WHAT YOU ARE ASKED TO DO:
The required output is the stretch from the line containing "This galaxy mandala" through the line containing "NEWS RELEASE: Commerce" in the records below, unaltered and with no pictures.
(Beginning of EXTRACTED ENTRIES)
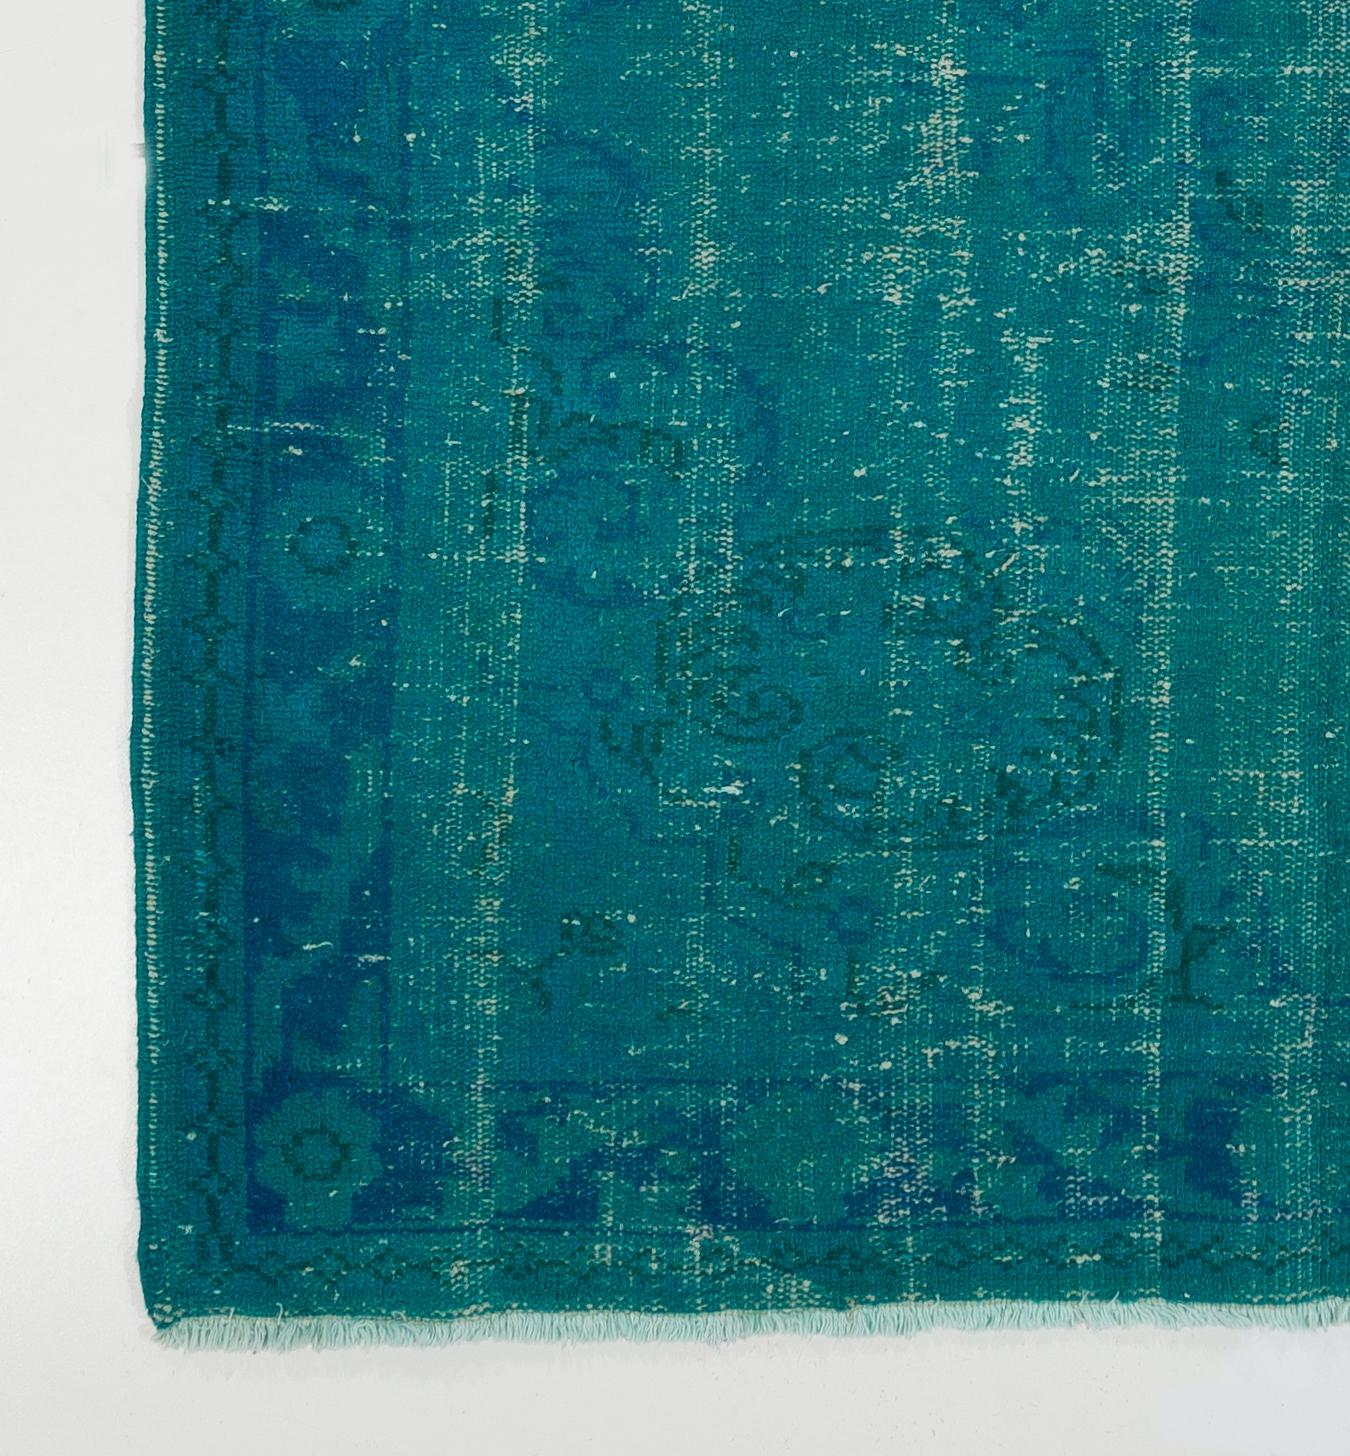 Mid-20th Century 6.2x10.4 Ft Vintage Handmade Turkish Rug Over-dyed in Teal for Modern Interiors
(End of EXTRACTED ENTRIES)
(Beginning of EXTRACTED ENTRIES)
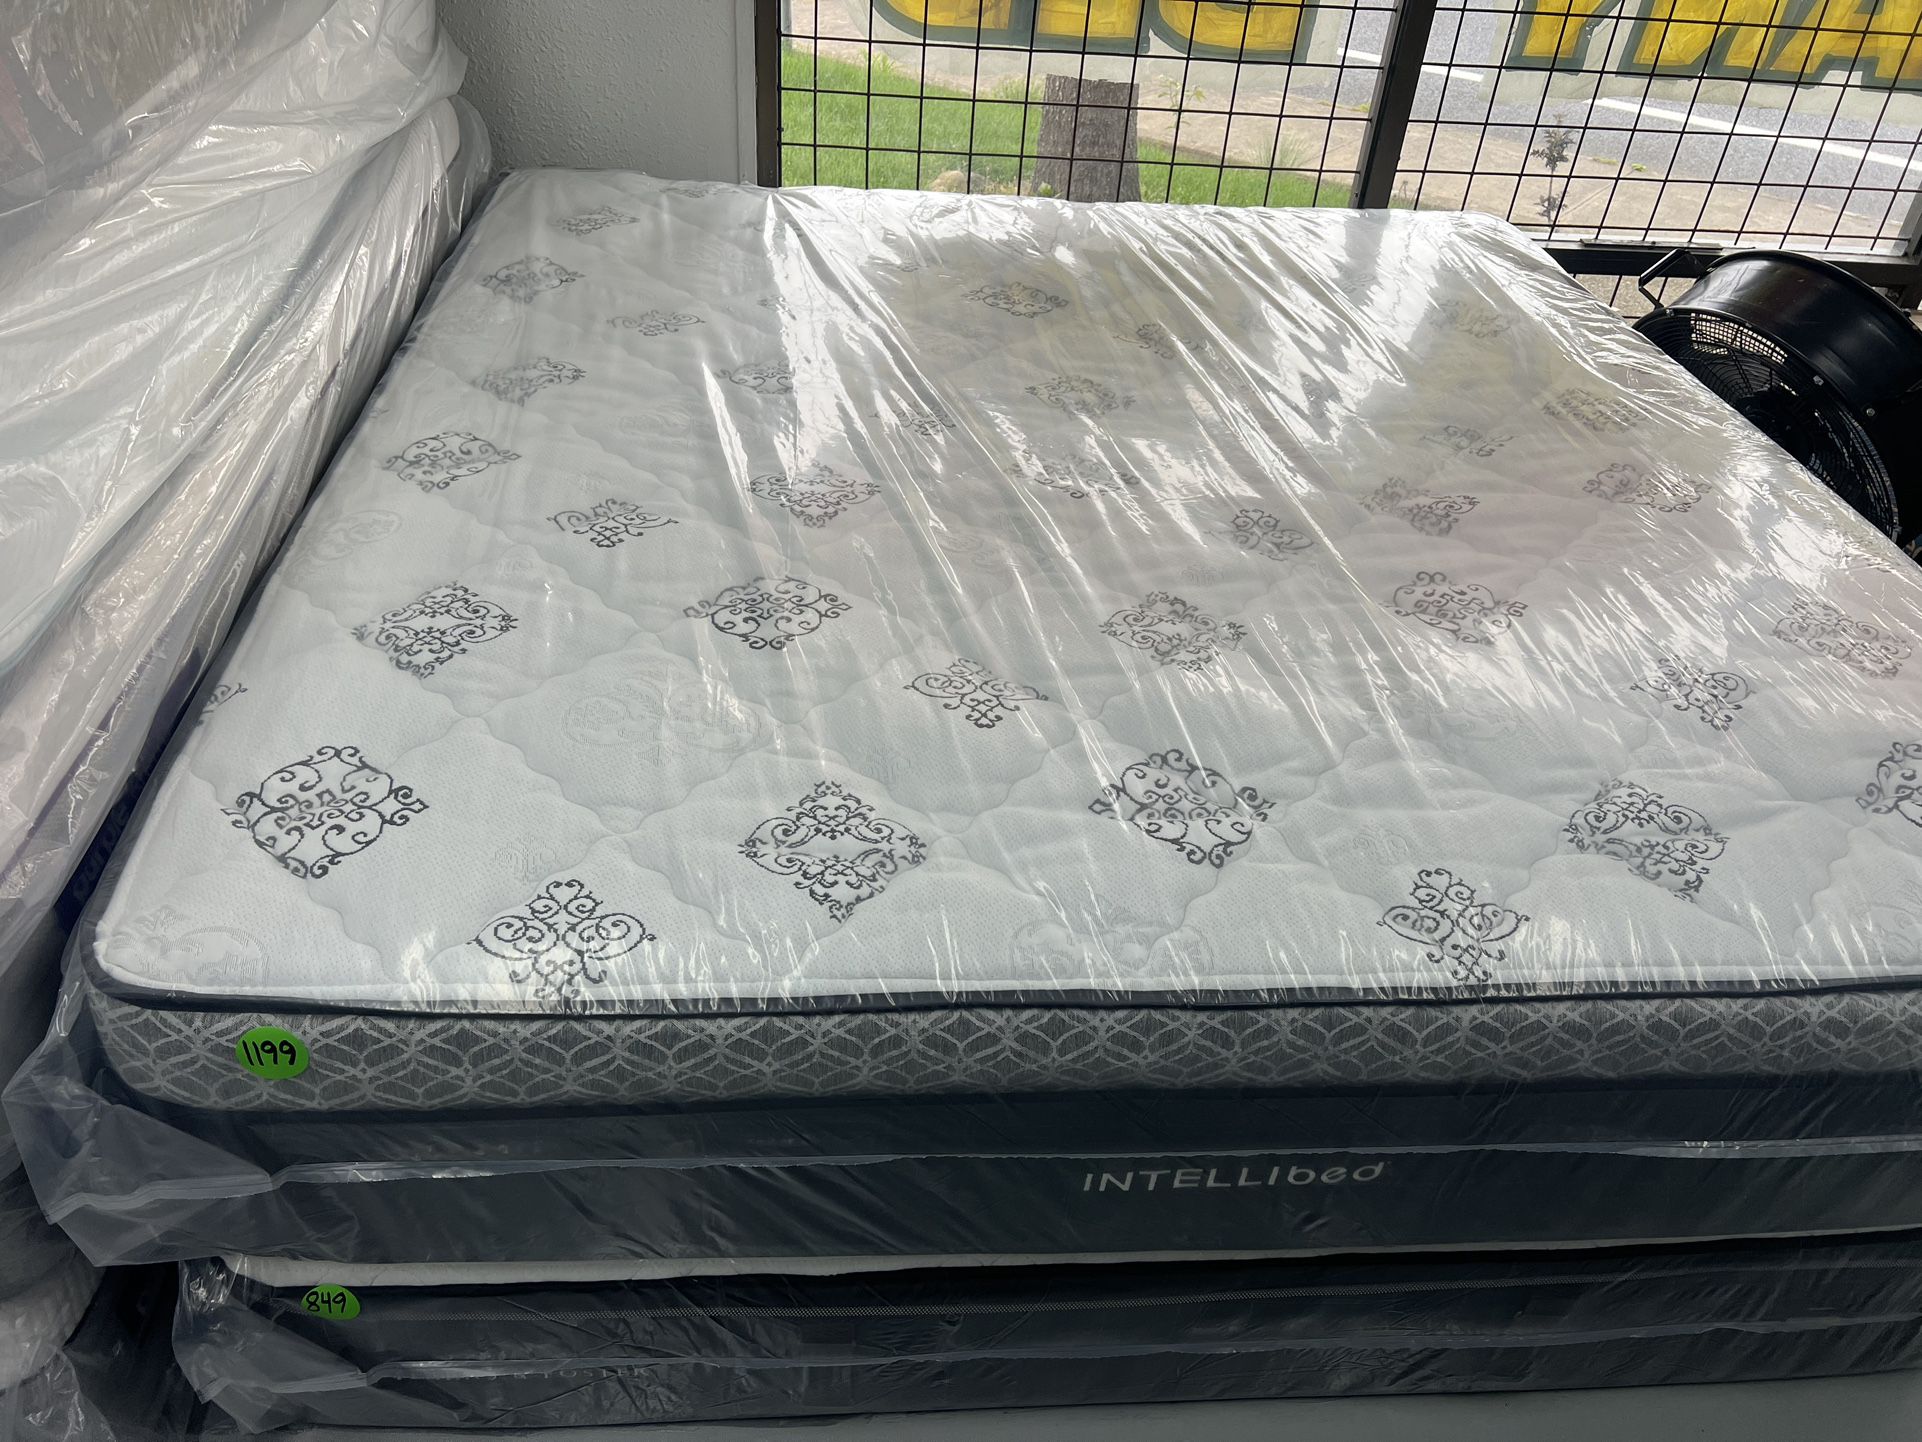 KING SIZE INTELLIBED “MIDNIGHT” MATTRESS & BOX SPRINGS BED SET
(End of EXTRACTED ENTRIES)
(Beginning of EXTRACTED ENTRIES)
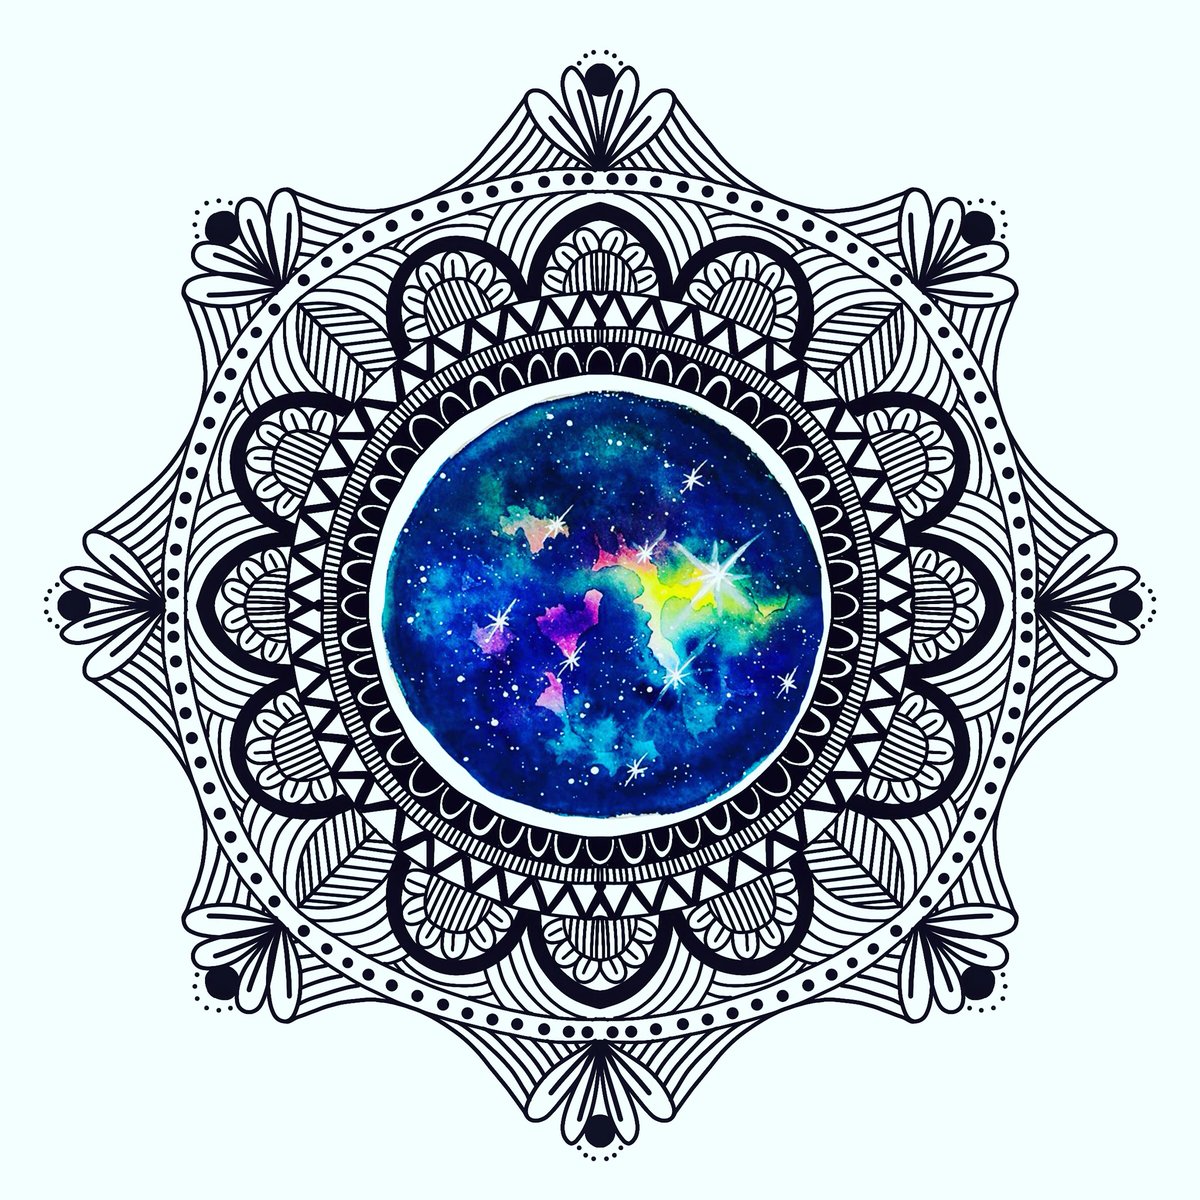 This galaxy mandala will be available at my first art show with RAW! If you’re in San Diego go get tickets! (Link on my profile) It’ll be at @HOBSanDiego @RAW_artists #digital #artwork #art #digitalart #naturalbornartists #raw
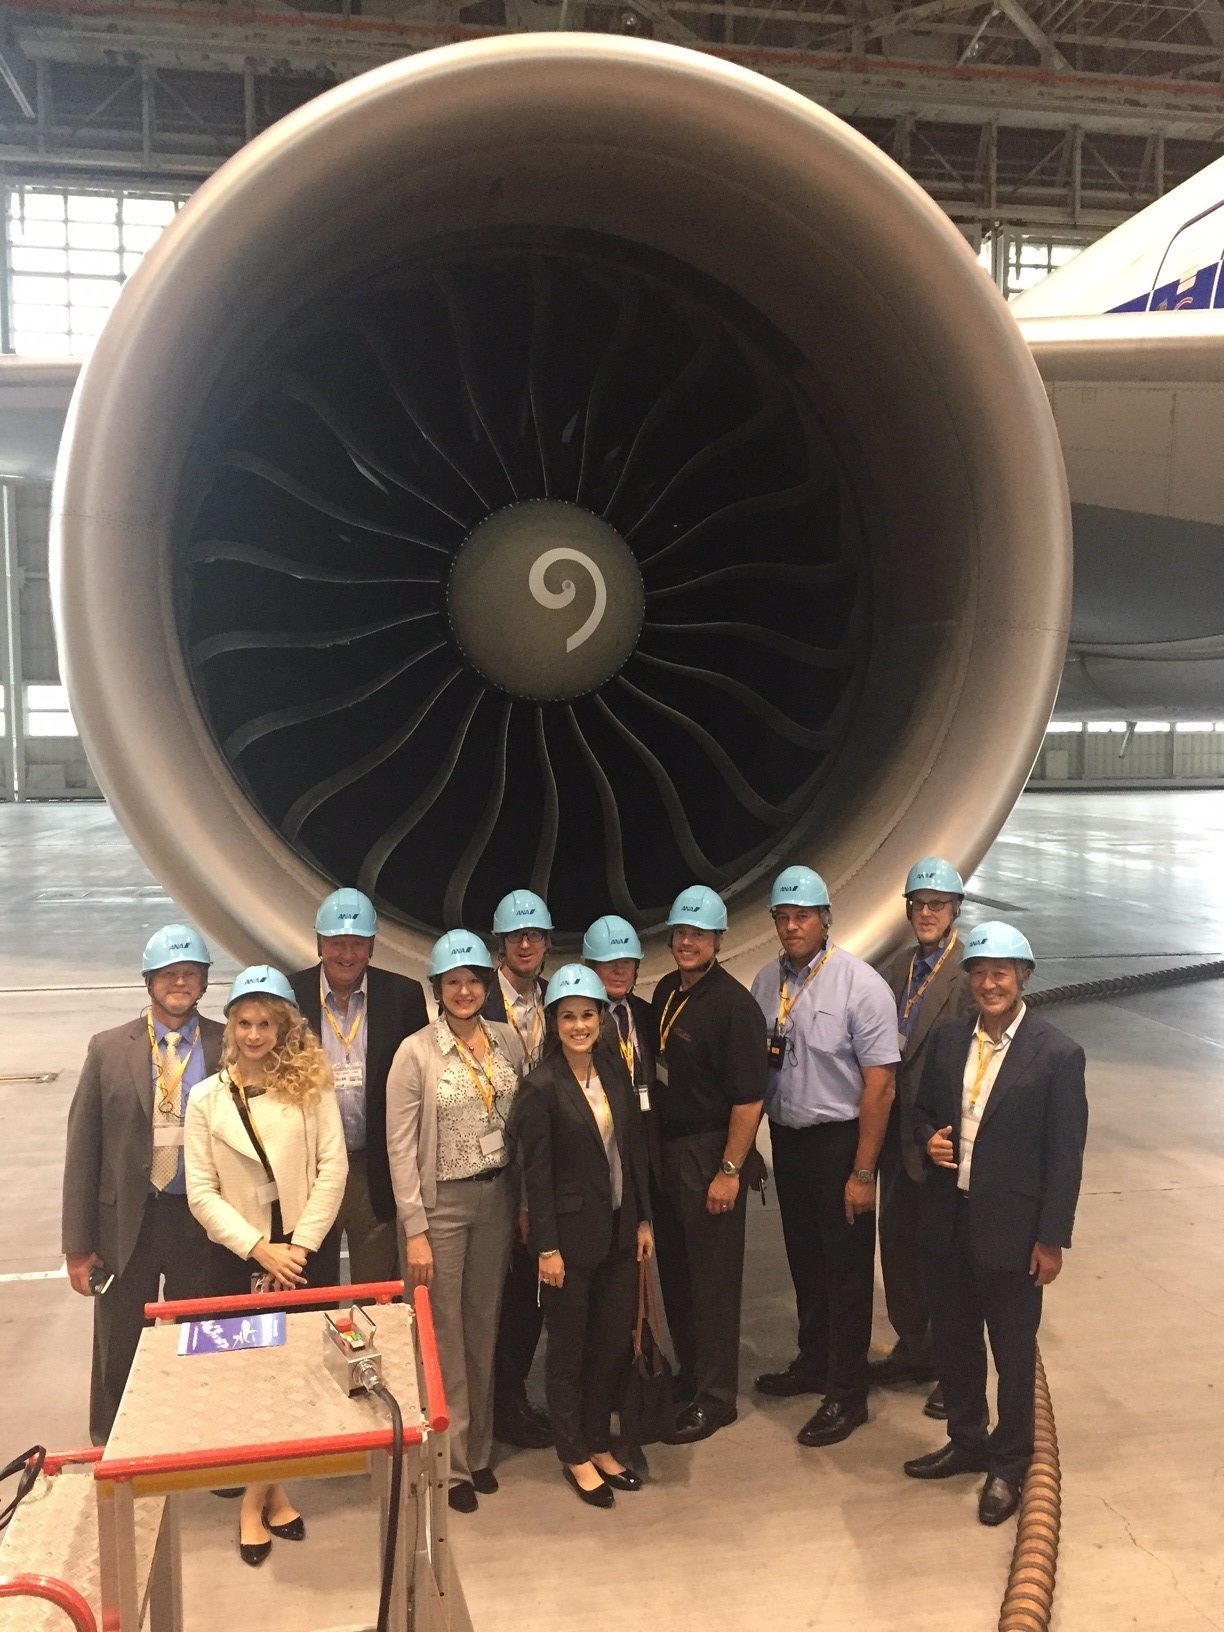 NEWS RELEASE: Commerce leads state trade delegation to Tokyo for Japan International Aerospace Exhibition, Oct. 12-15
(End of EXTRACTED ENTRIES)
SOLUTION FOR THIS PROBLEM:
 This galaxy mandala will be available at my first art show with RAW! If you’re in San Diego go get tickets! (Link on my profile) It’ll be at @HOBSanDiego @RAW_artists #digital #artwork #art #digitalart #naturalbornartists #raw
 NEWS RELEASE: Commerce leads state trade delegation to Tokyo for Japan International Aerospace Exhibition, Oct. 12-15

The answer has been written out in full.